About 100 old baseball mitts were lost, along with baseballs, bats, bobblehead dolls and autographed photos of athletes, Teresa Capone said.
“It was mostly baseball related,” she said. “We’re huge baseball fans.”
Capone said there was quite a bit of memorabilia from Hayden resident Don Larsen, the former New York Yankee who pitched a perfect game in the 1956 World Series.
Post Falls police say the explosive fire that gutted Capone’s Pub and Grill was arson.
A newspaper carrier reported the fire about 3:20 a.m., and firefighters arrived at the scene at 315 N. Ross Point Road to find the building burning, Post Falls police Lt. Greg McLean said.
The 3,800-square-foot building is still standing, but the interior was gutted.
“The interior of the building is a total loss,” Capone said. “But the building itself appears to be salvageable. We were fortunate.”

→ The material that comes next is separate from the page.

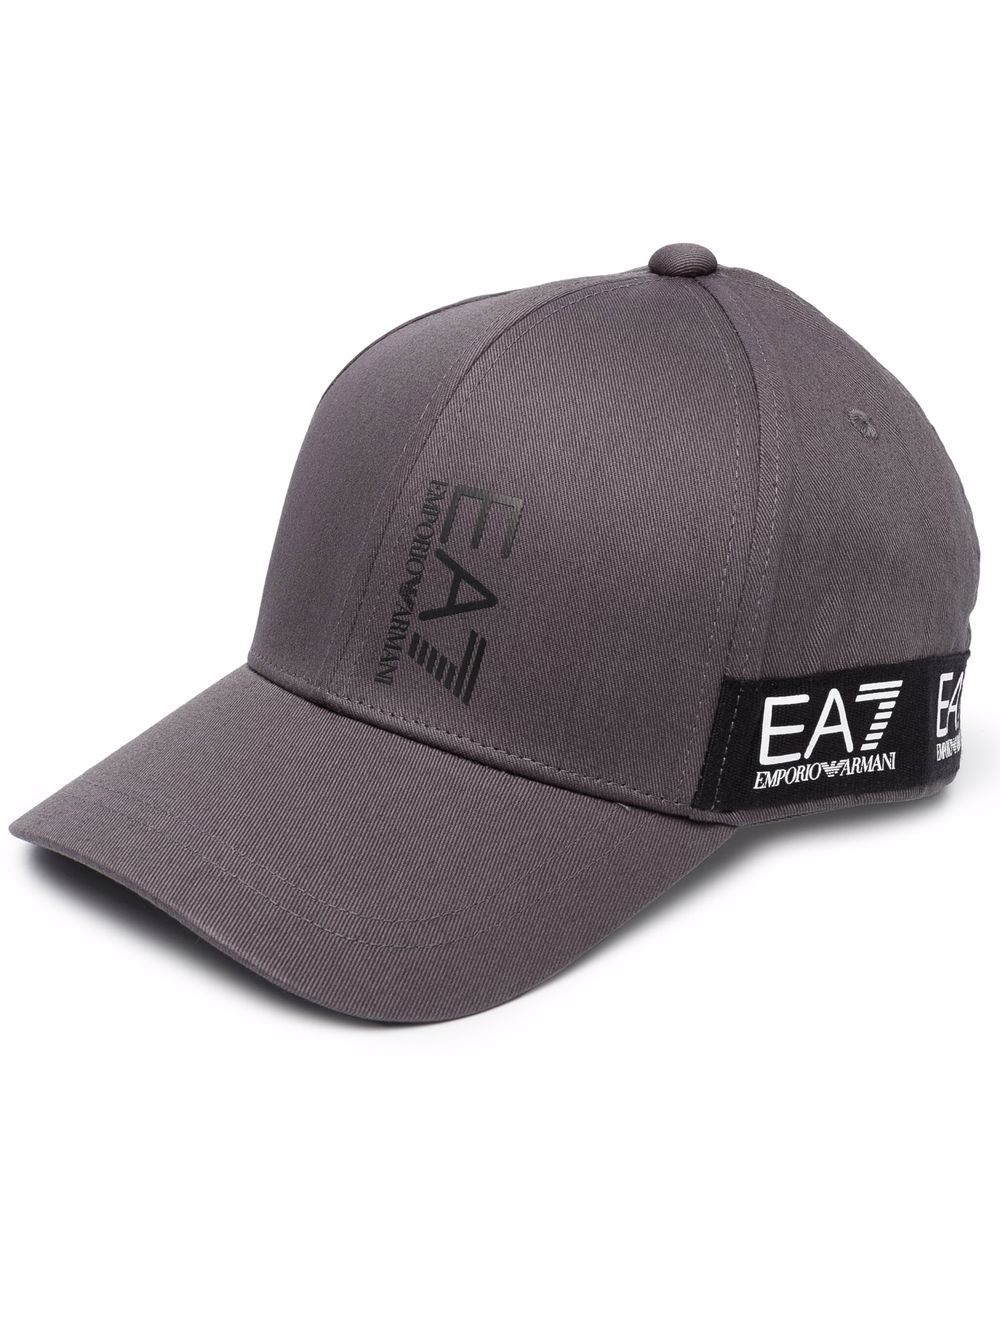 фото Ea7 emporio armani кепка с логотипом

No one was working there at the time the fire started, and no one was injured fighting the fire.
McLean said the blaze was ignited by an explosion near the restrooms involving a 5-gallon gas can filled with an unknown accelerant. The blast blew bowls, trays, buckets and two hand trucks out of a storage room and into the parking lot. Several windows were blown out as well.
Because of the severity of the explosion, the arsonist may have been injured, McLean said.

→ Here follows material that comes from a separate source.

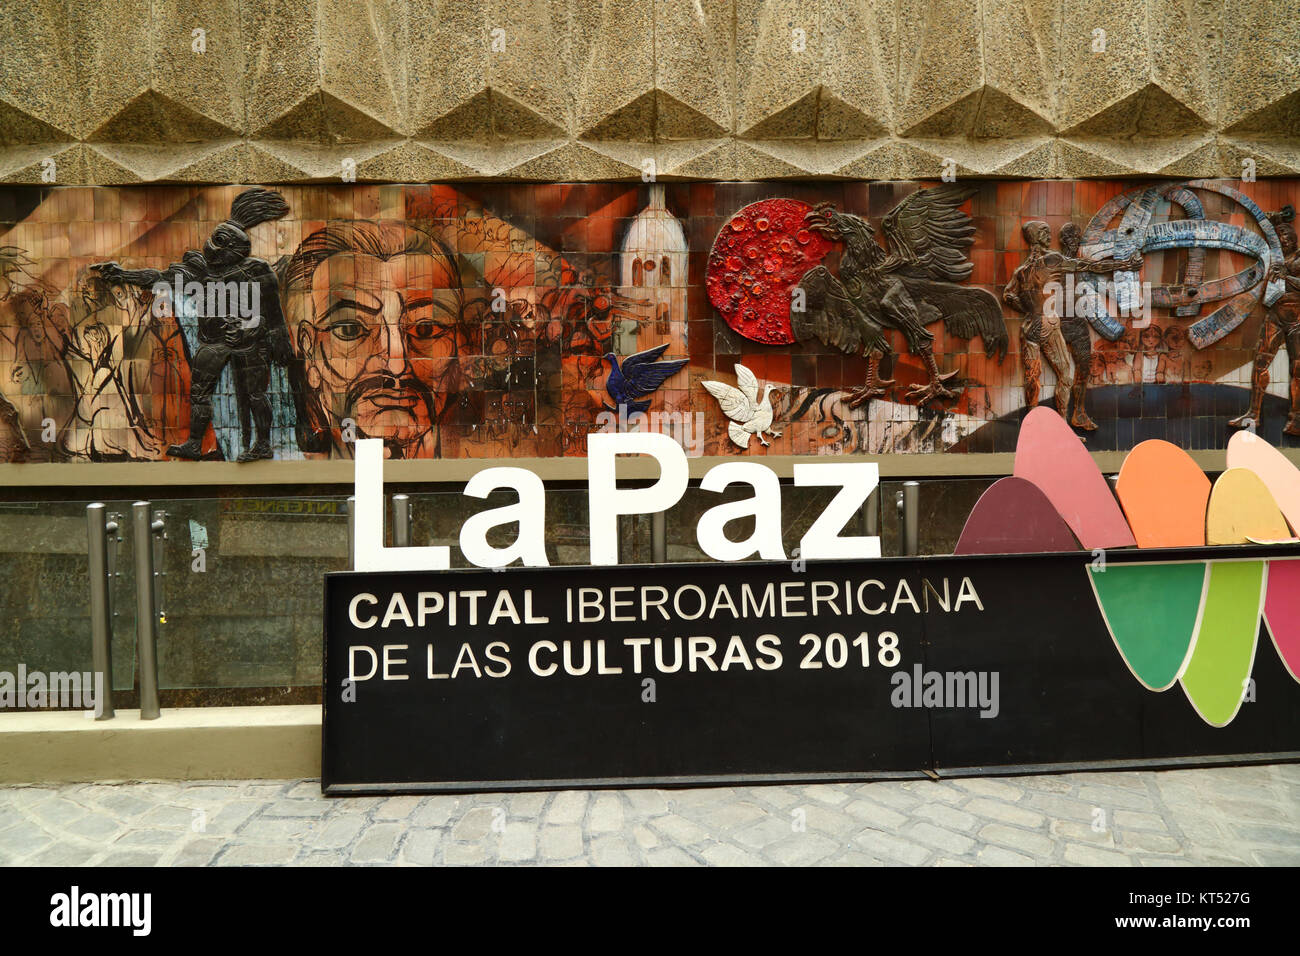 Mural dietro la Casa de Cultura e iberoamericano sulle capitali della cultura 2018 segno, La Paz, Bolivia Foto Stock

The business had another arson scare a few months ago, when someone ignited several water bottles filled with gasoline behind the building. That fire didn’t spread, McLean said.

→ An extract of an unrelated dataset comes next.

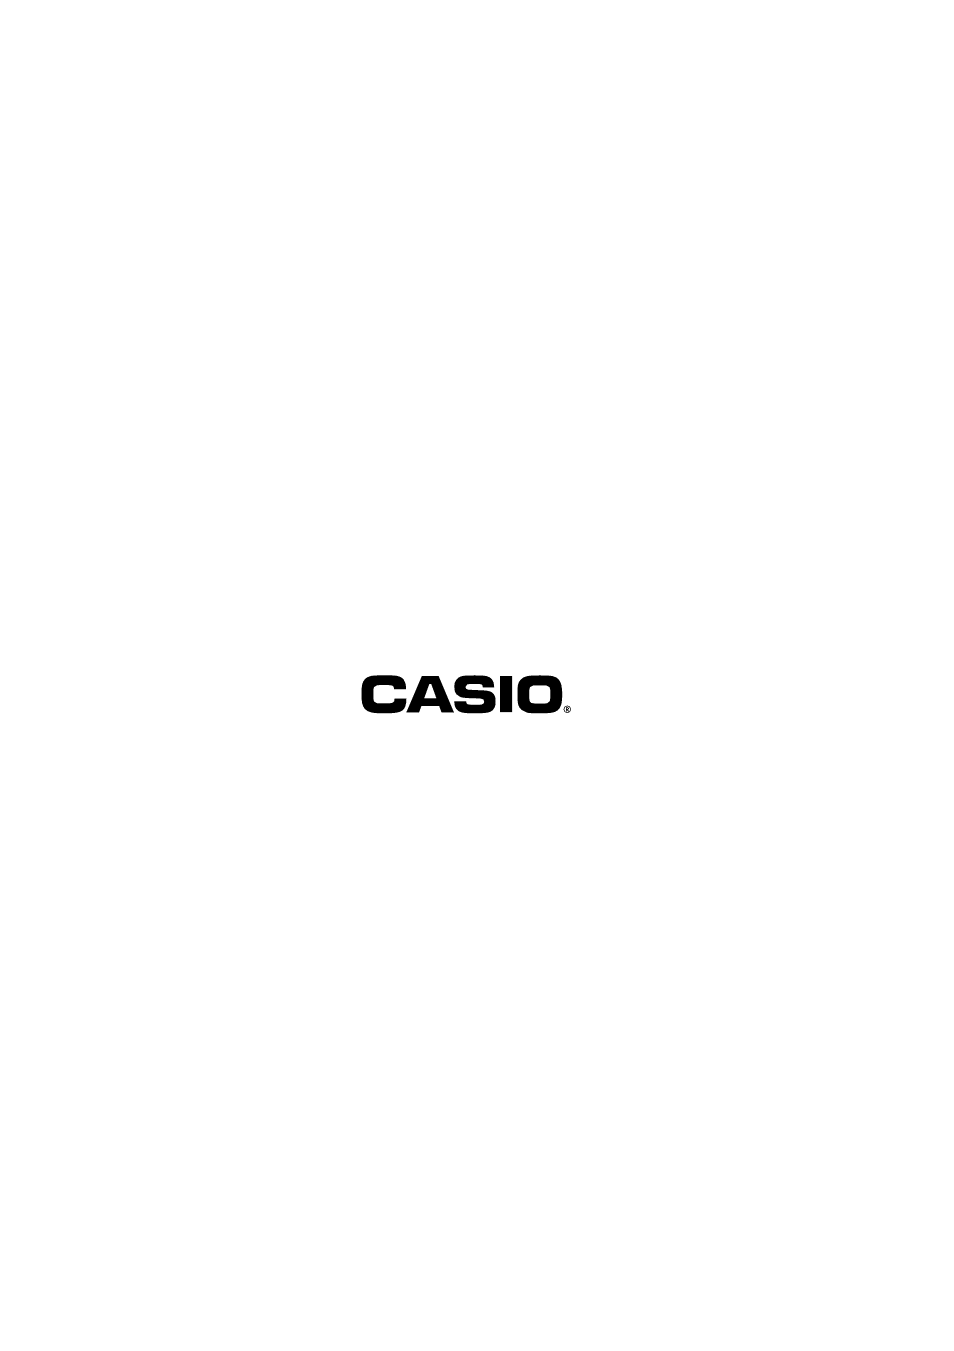 Casio TK-T500 Manuel d'utilisation | Page 124 / 124

The motive for Wednesday’s crime is unclear, McLean said. Capone said she has no idea who would have burned her business.
The Capones, who opened Capone’s Pub and Grill in Coeur d’Alene’s Midtown neighborhood a decade ago, expanded to Post Falls less than a year ago. The Post Falls pub employed 20.
Like the Coeur d’Alene location, the Post Falls Capone’s was a popular spot. “Business was good,” Capone said. “It had exceeded its expectations. We were very happy with the way things were going.”